The memory care program at Solheim reflects Best Life principles in practice: personalized routines built around each resident's history and retained abilities, programming that reaches beyond basic cognitive stimulation, and secure but home-like environments that reduce anxiety without creating confinement. The Eagle Rock campus is accessible to families throughout Pasadena, Glendale, Burbank, and greater Northeast Los Angeles. Tours are available Monday through Saturday for families ready to see the program firsthand.
Questions to ask when evaluating any memory care program
A tour is only as useful as the questions you bring to it. These are not items on a compliance checklist, they are conversation starters that reveal whether a community's care philosophy is real or aspirational.

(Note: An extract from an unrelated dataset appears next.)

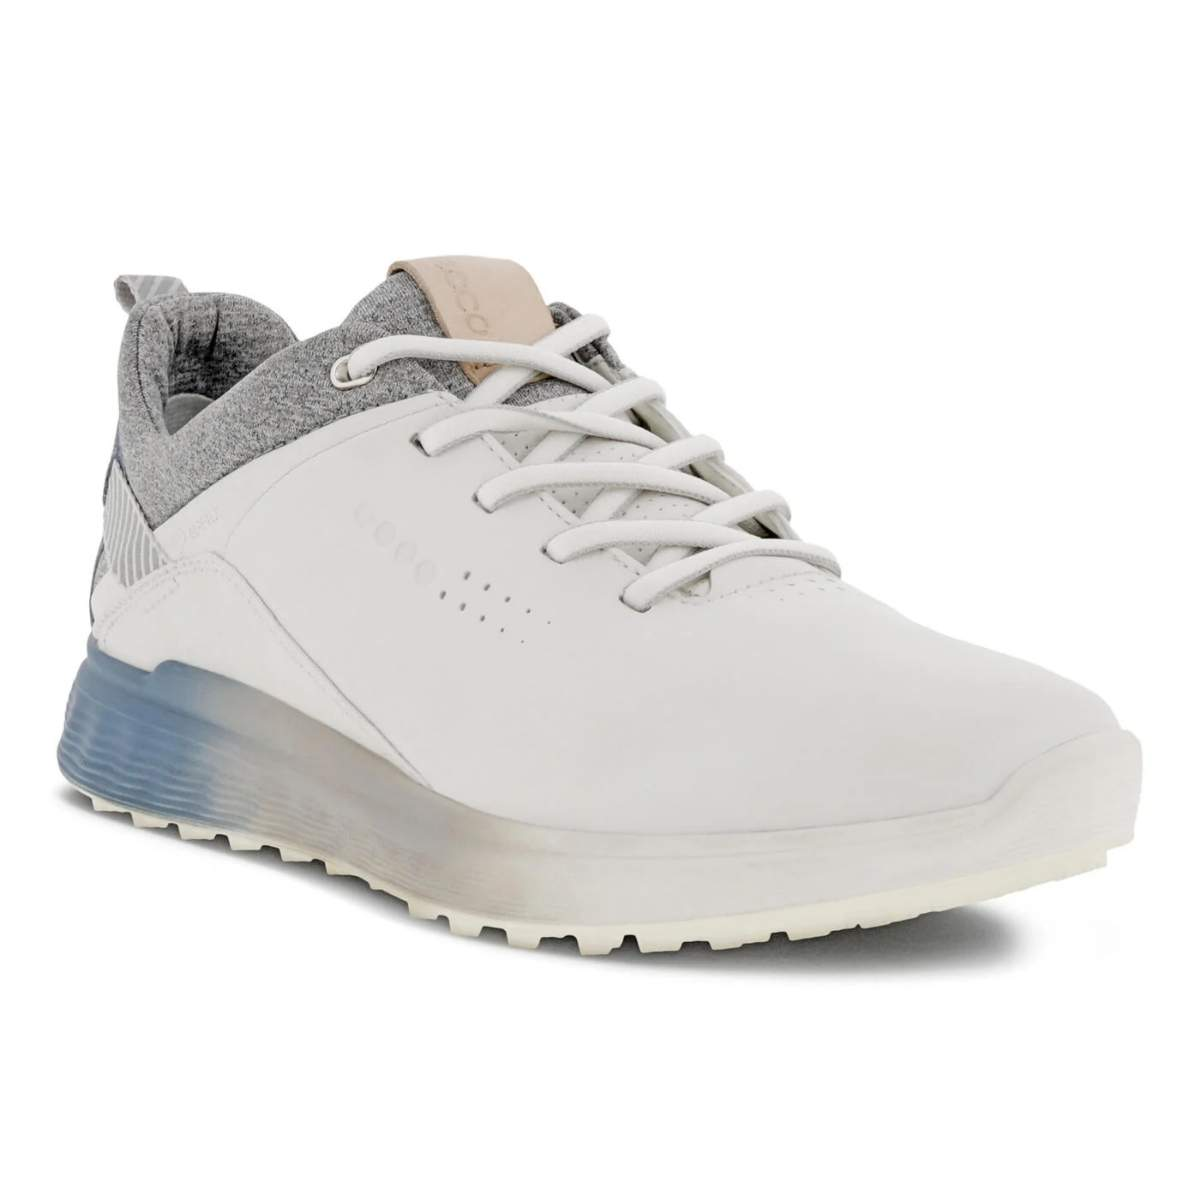 ECCO Women's S-Three Spikeless Golf Shoe

About philosophy, training, and care approach:
How do your staff describe the purpose of your memory care program? Do they lead with safety, or with quality of life?
What dementia-specific training do all staff receive, including housekeeping and dining teams?
How are individual care plans created, and how often are they updated as a resident's needs change?
About daily life, programming, and family involvement:
Can you walk me through a typical weekday and a weekend day for a resident at my loved one's stage of dementia?
What activities are available for residents who are no longer verbal or mobile?
How does your community involve family members in programming and care decisions?
Pay close attention to how staff answer these questions, not just what they say. A team that actually practices person-centered care will answer with specifics and real examples. Vague references to "activities" and "safety protocols" tell you something too.
Dementia does not end a life well-lived
The core message of modern memory care is straightforward: a dementia diagnosis is not the end of a meaningful life. Joy, connection, and purpose remain within reach when the right care environment surrounds a person. The markers of a quality program are clear, a person-centered philosophy that is genuinely practiced, structured routines with real flexibility, evidence-backed activities tailored to individual ability, specialized and consistent staffing, and spaces designed to reduce confusion rather than compound it.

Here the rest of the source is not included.